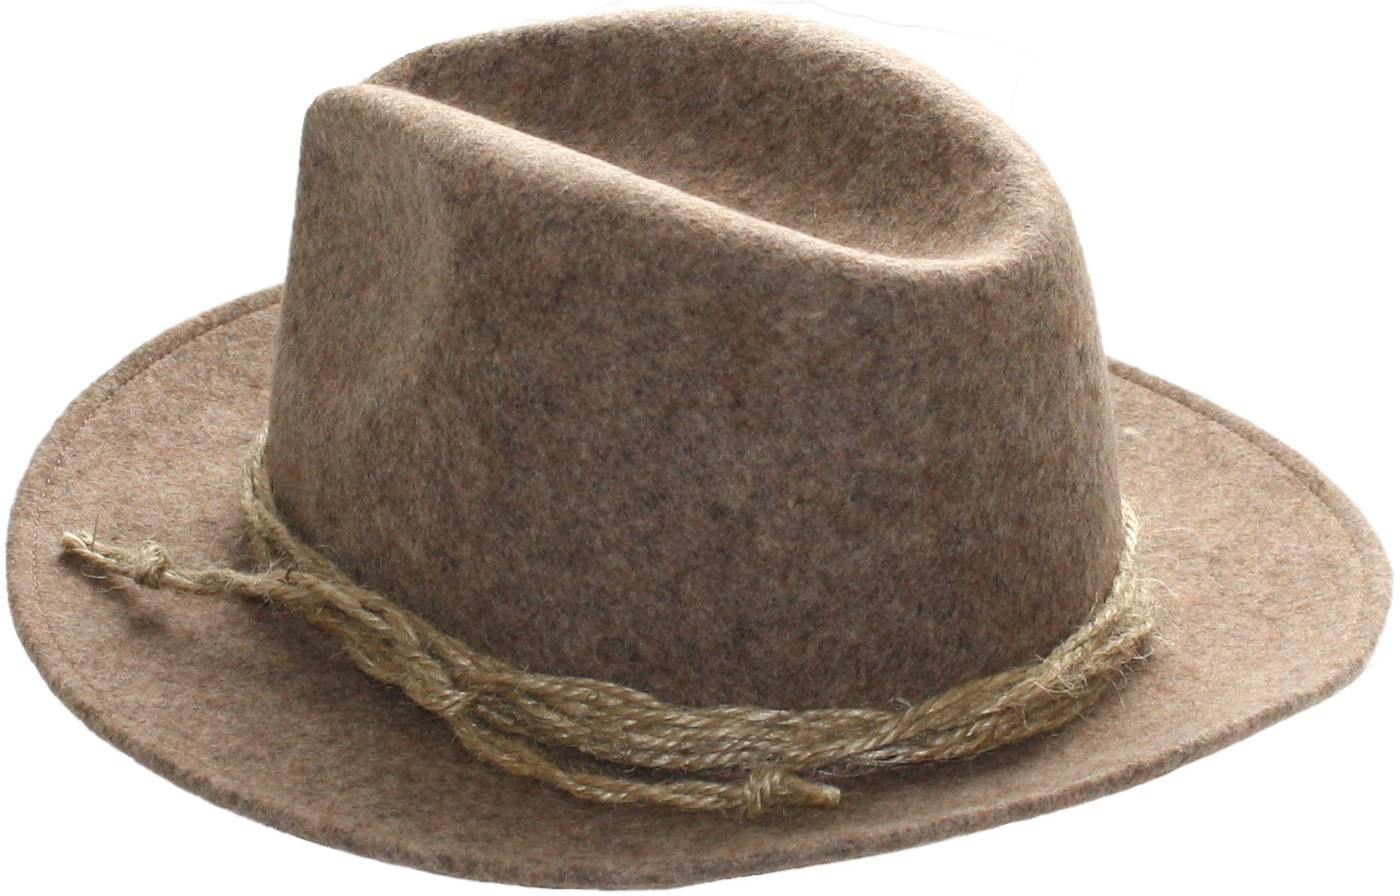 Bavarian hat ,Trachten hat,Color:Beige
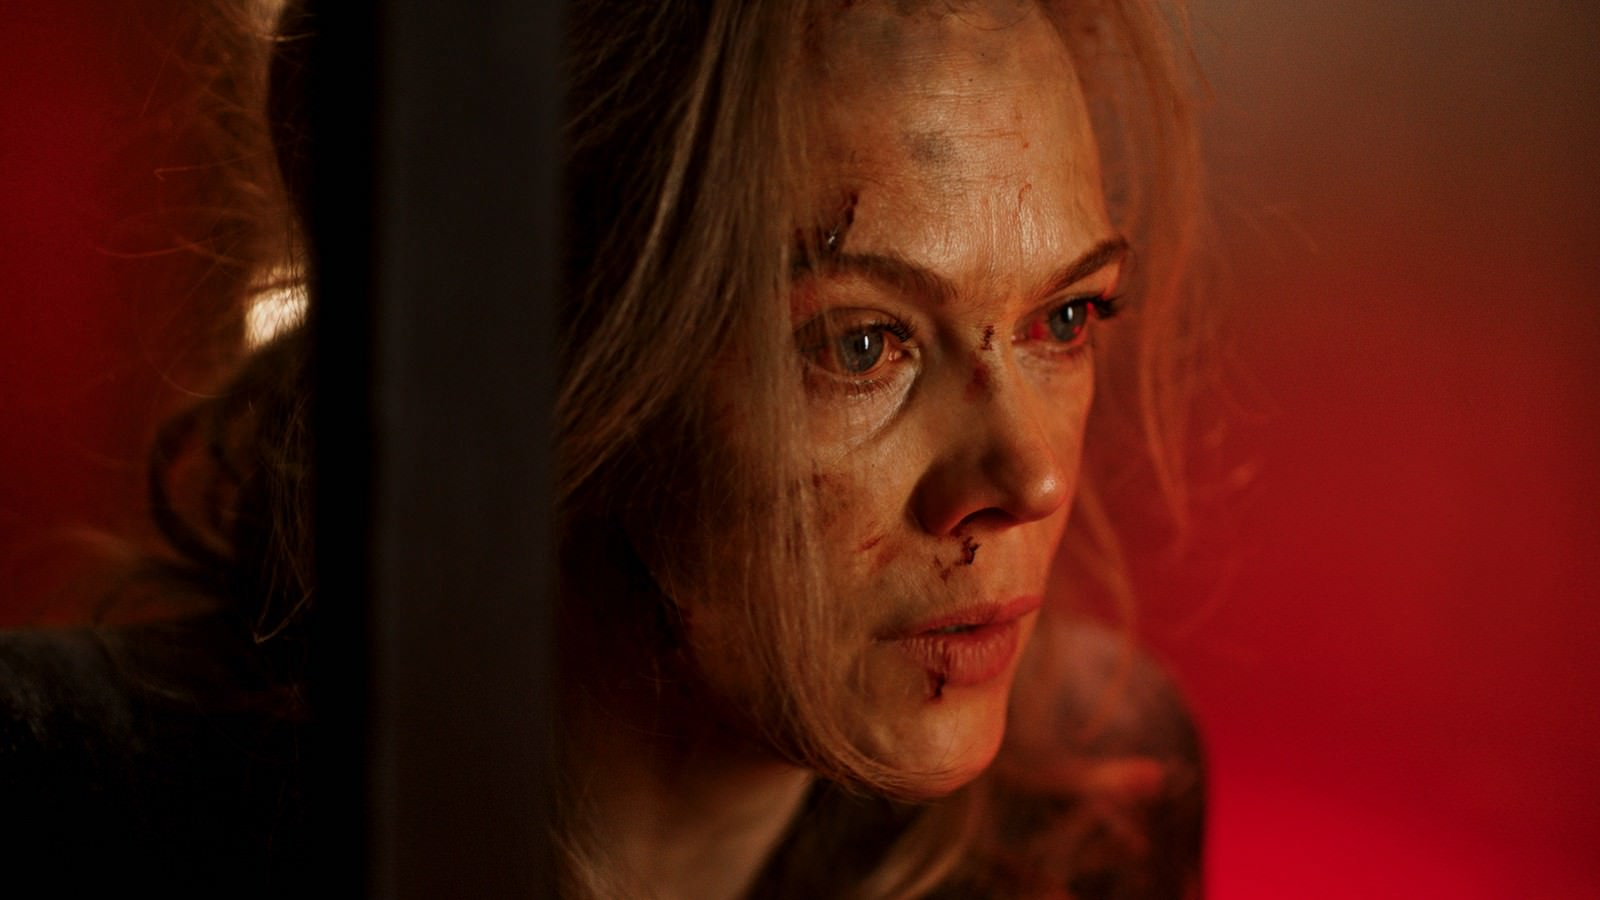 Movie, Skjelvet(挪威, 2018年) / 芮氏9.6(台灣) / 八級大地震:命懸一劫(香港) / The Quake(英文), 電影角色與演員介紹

###

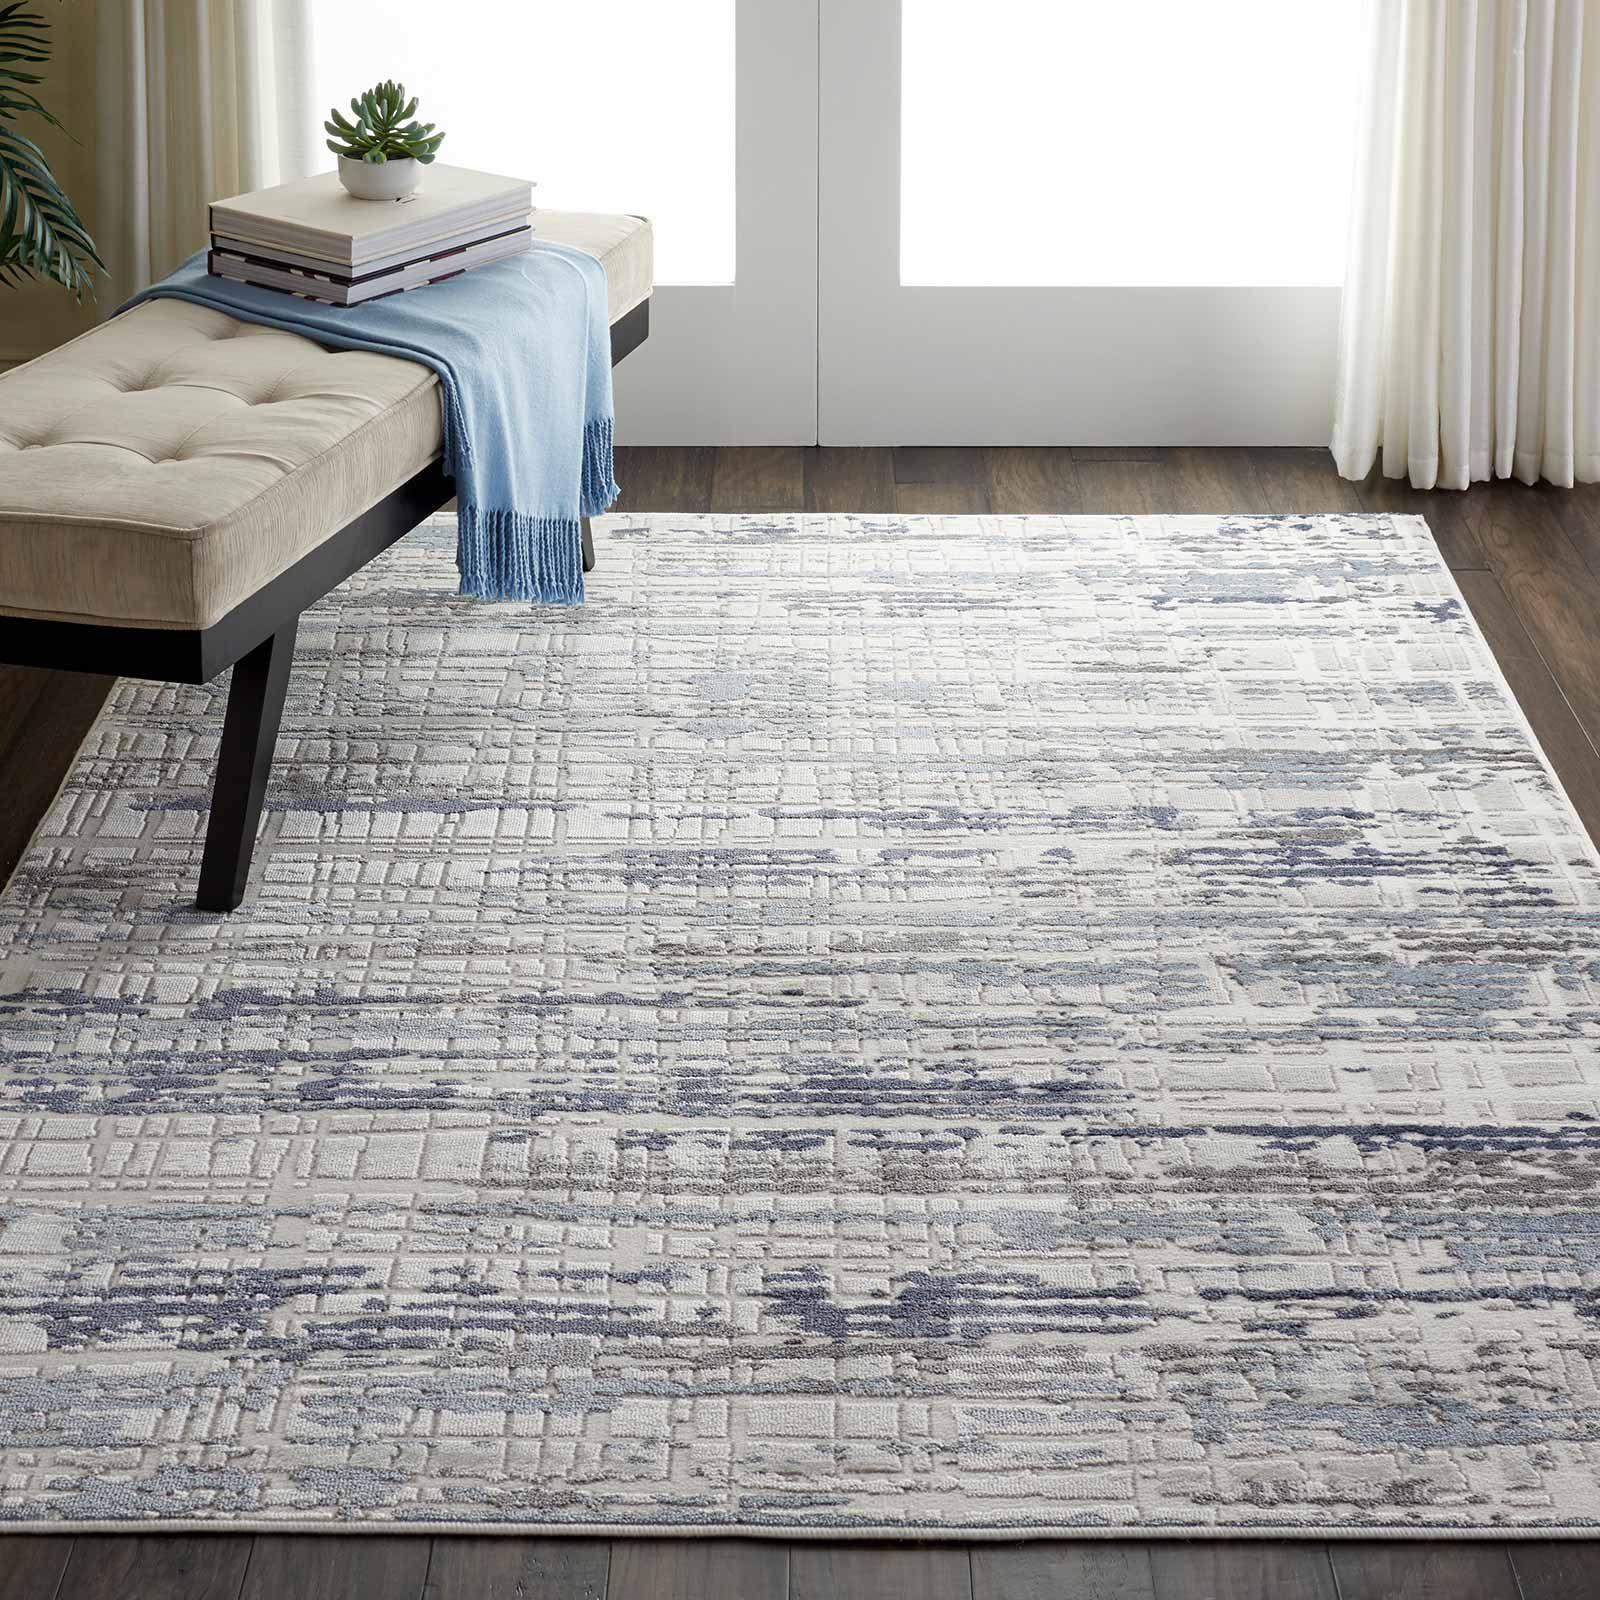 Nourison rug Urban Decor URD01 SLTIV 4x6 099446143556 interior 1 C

###

* _EXERCISE AIM_
Transcribe only this stretch of the data: the line with "Bavarian hat ,Trachten hat,Color:Beige", the line with "Movie, Skjelvet(挪威, 2018年)", and every line in between. Leave out the pictures.

* _ANSWER SECTION_
 Bavarian hat ,Trachten hat,Color:Beige
 Movie, Skjelvet(挪威, 2018年) / 芮氏9.6(台灣) / 八級大地震:命懸一劫(香港) / The Quake(英文), 電影角色與演員介紹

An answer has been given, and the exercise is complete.